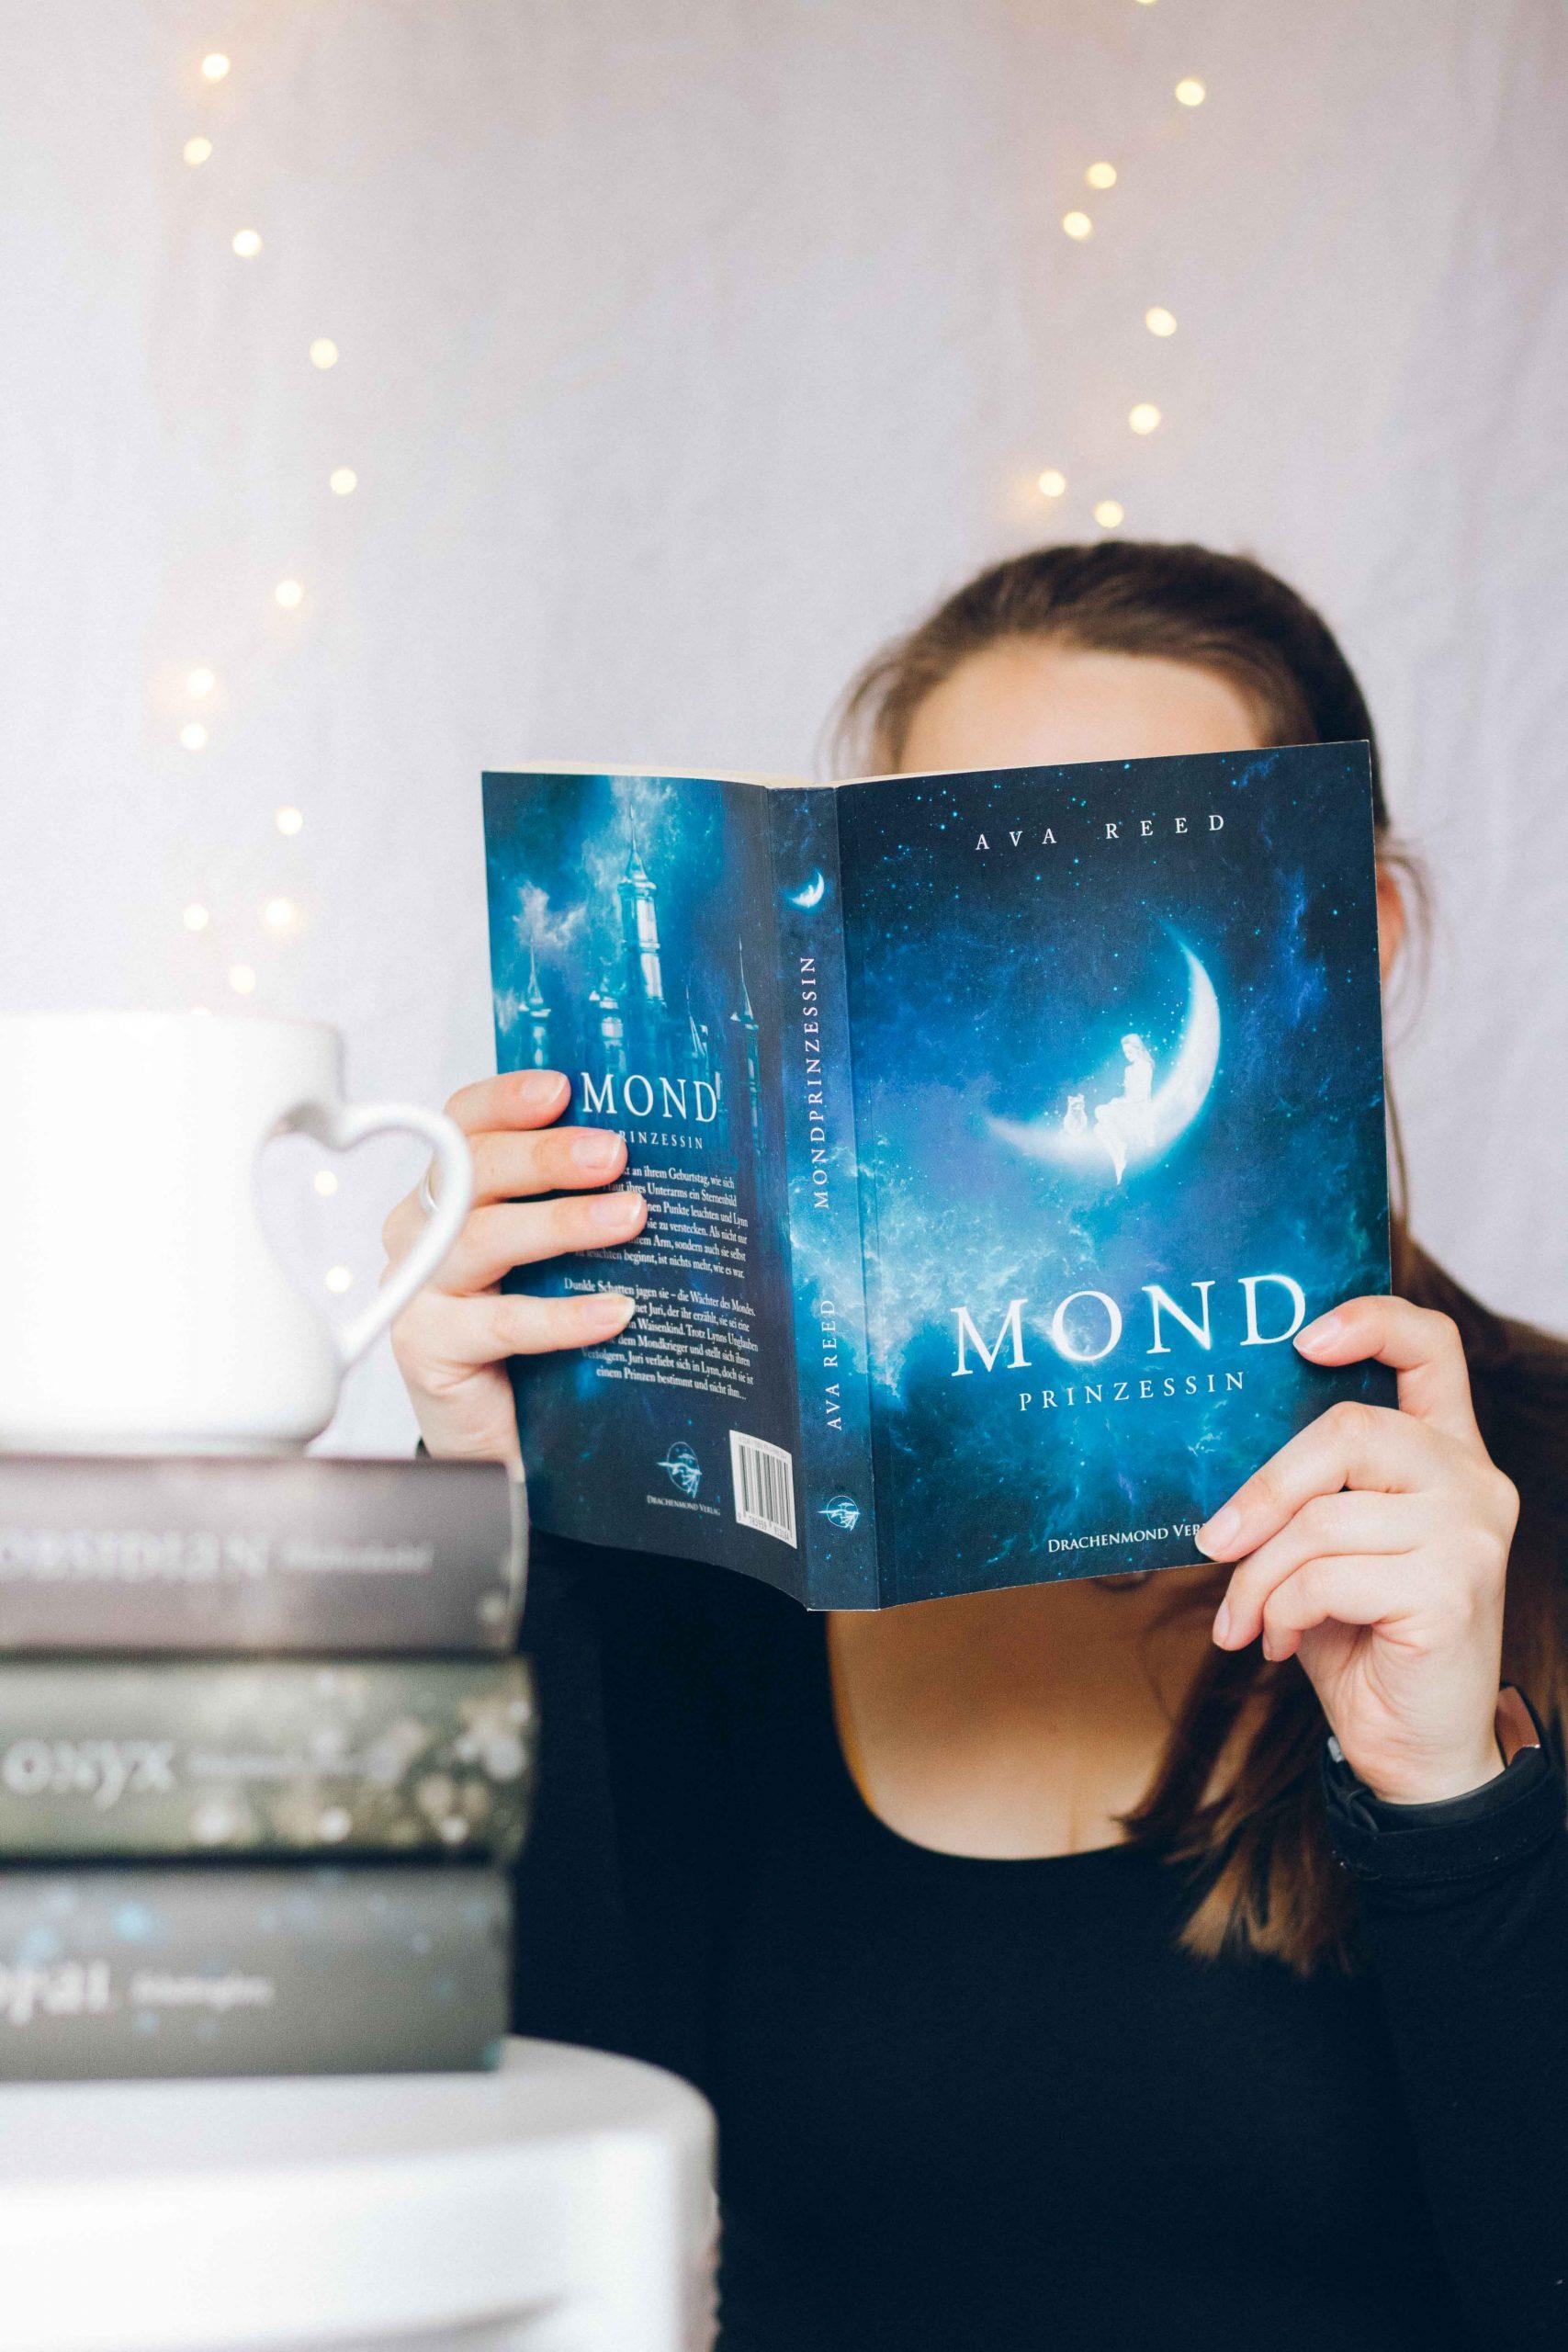 Mondprinzessin | Ava Reed
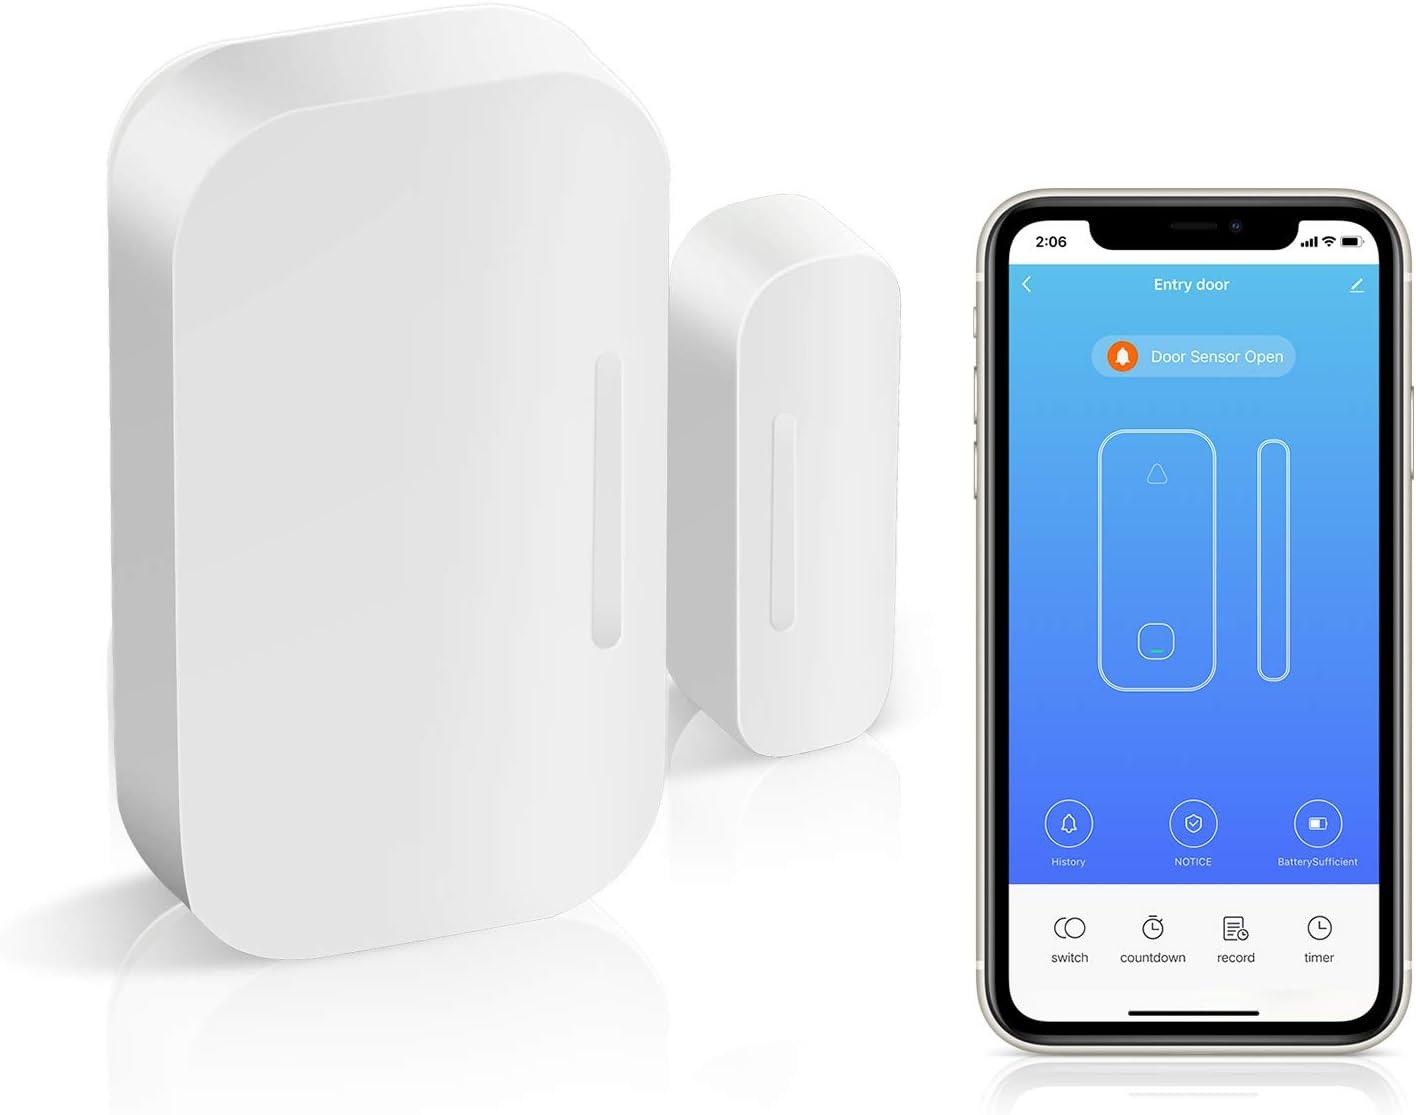 AGSHome Alarma de puerta y ventana inal/ámbrica sensor de ventana con aplicaci/ón Smart Life
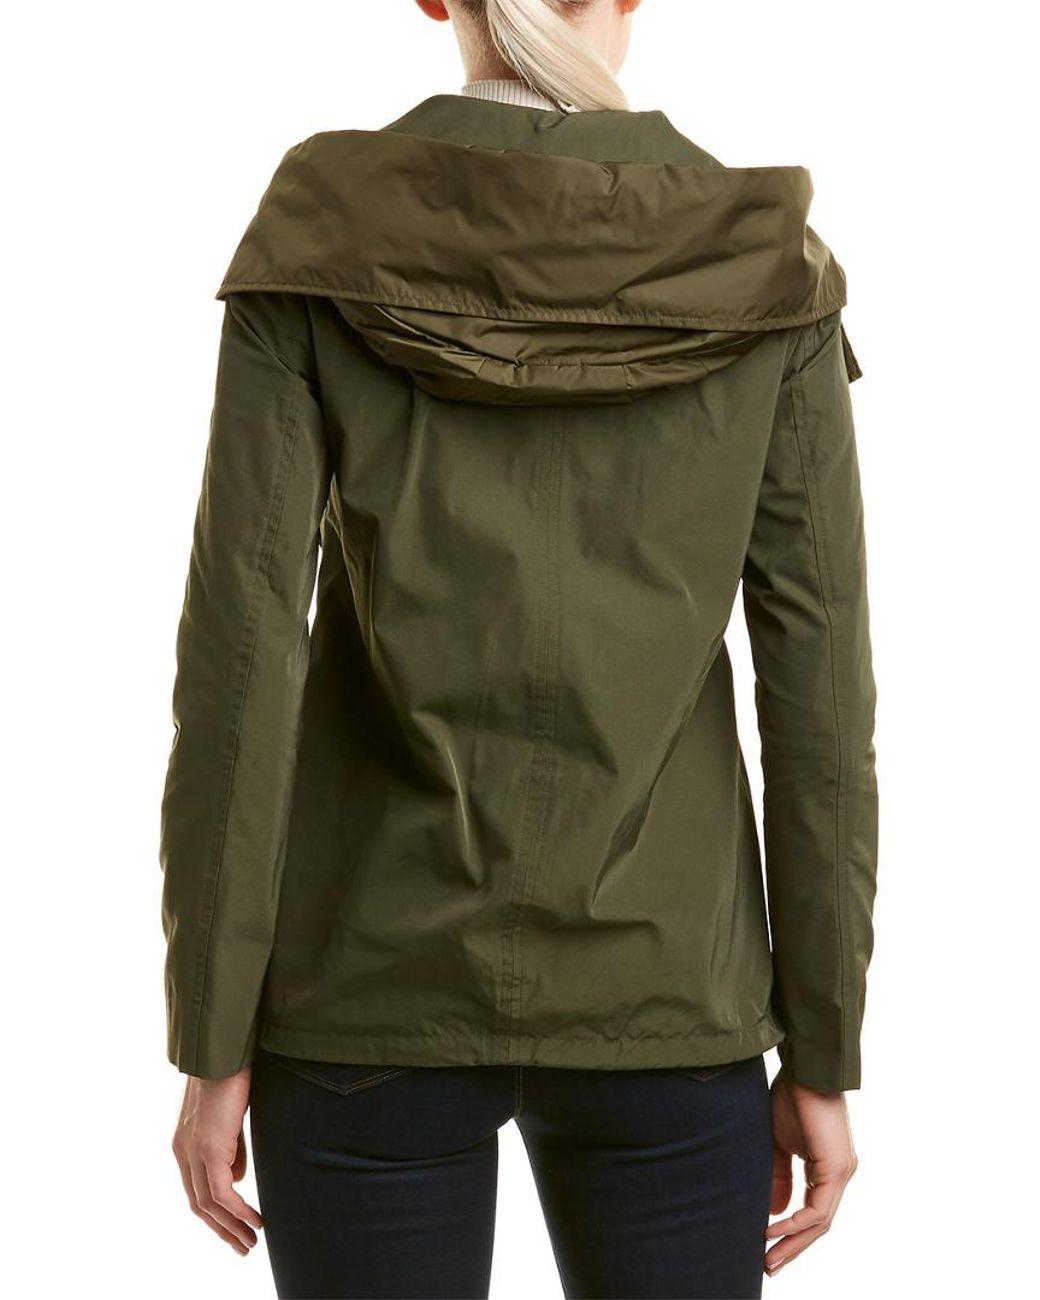 730290184 Women's Green Audrey Jacket

──────────────────────────────

**ASSIGNMENT**
Copy the whole of the material above exactly, but not its images.

**WORKED SOLUTION**
 Mondprinzessin | Ava Reed
 AGSHome Alarma de puerta y ventana inal/ámbrica sensor de ventana con aplicaci/ón Smart Life
 730290184 Women's Green Audrey Jacket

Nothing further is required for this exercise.